Janele Bayless, registered dietitian and wellness coordinator for the Office of Student Life, said she recommends limiting caffeine intake to 200 to 300 milligrams a day. She said anything more than that can make students feel jittery and, depending on how late in the day they have it, have trouble sleeping well.

Pohlschneider said tea and coffee are better choices than soda, energy drinks or pills. Tea and coffee have antioxidants, while soda and energy drinks tend to have a high amount of sugar.

She sees caffeine pills as especially dangerous because a person could easily take too many without immediately recognizing the effects. Just like with shots of alcohol, it is easy to overdo it by taking too many in a short period of time, she said.

“Overall I think caffeine is not harmful, that everybody is going to act a little differently to it,” Pohlschneider said. “The biggest thing that I would tell people is, pay attention to the way your body reacts to it.”

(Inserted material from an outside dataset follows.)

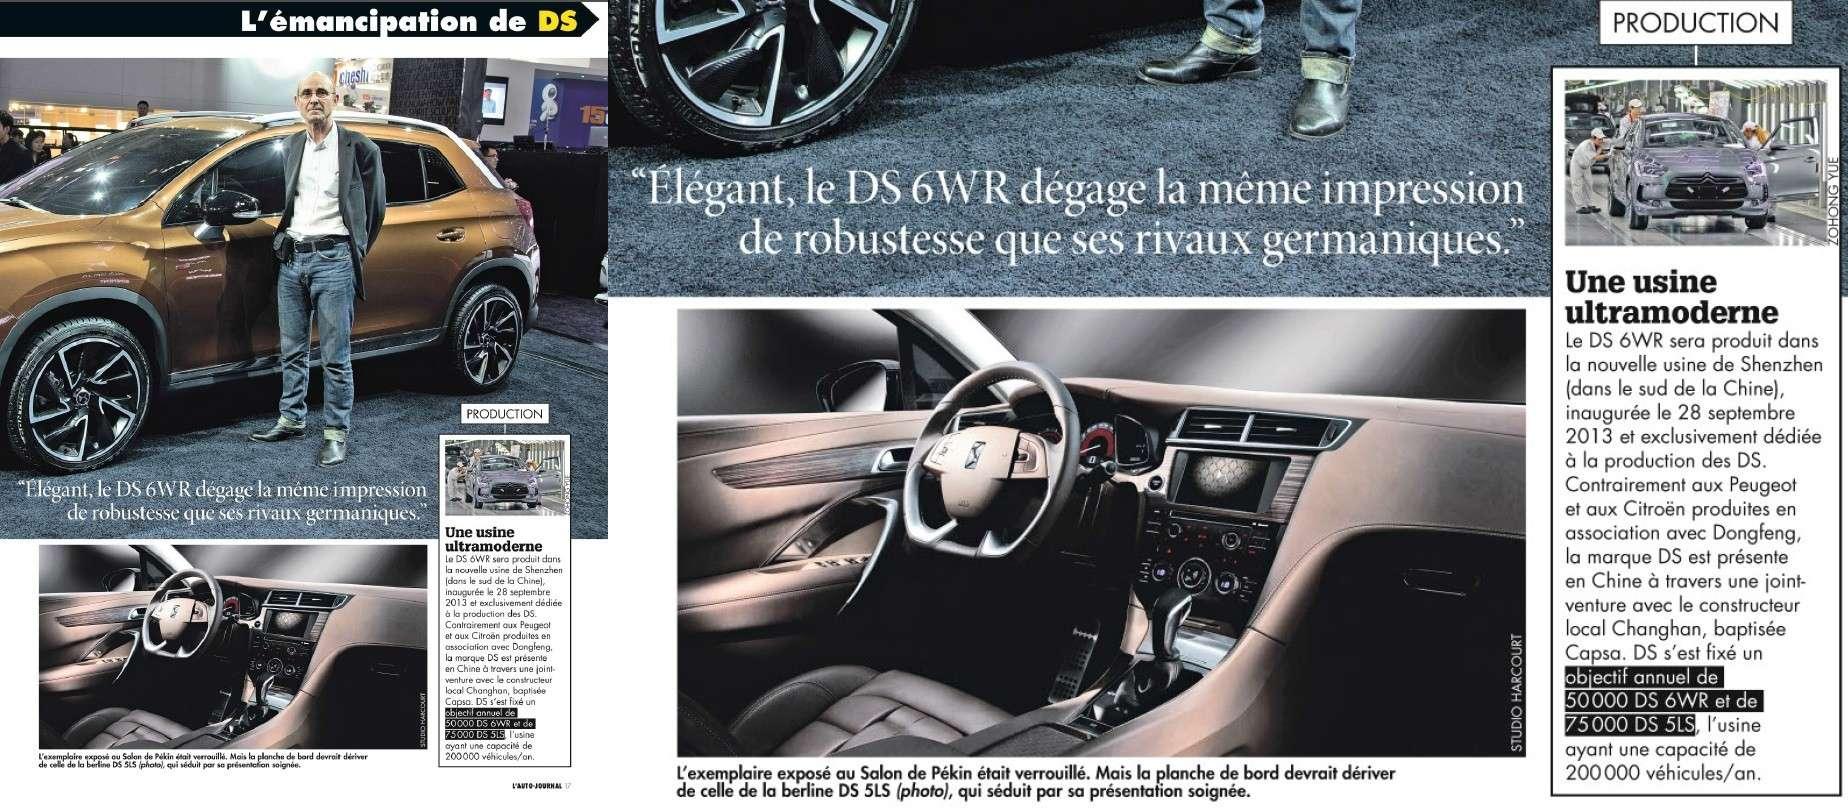 [ACTUALITE] Revue de Presse Citroën - Page 12 410

Bayless said a more holistic approach is important to maintaining energy levels, like getting enough water and food throughout the day. Exercising can help boost energy levels and ensure a good night’s sleep, she said.

“It’s not that people can’t have a caffeinated drink, I would just recommend limiting the amount and making sure they’re looking at the holistic picture of health and well-being, of making sure they’re getting enough sleep and physical activity and nourishment,” she said.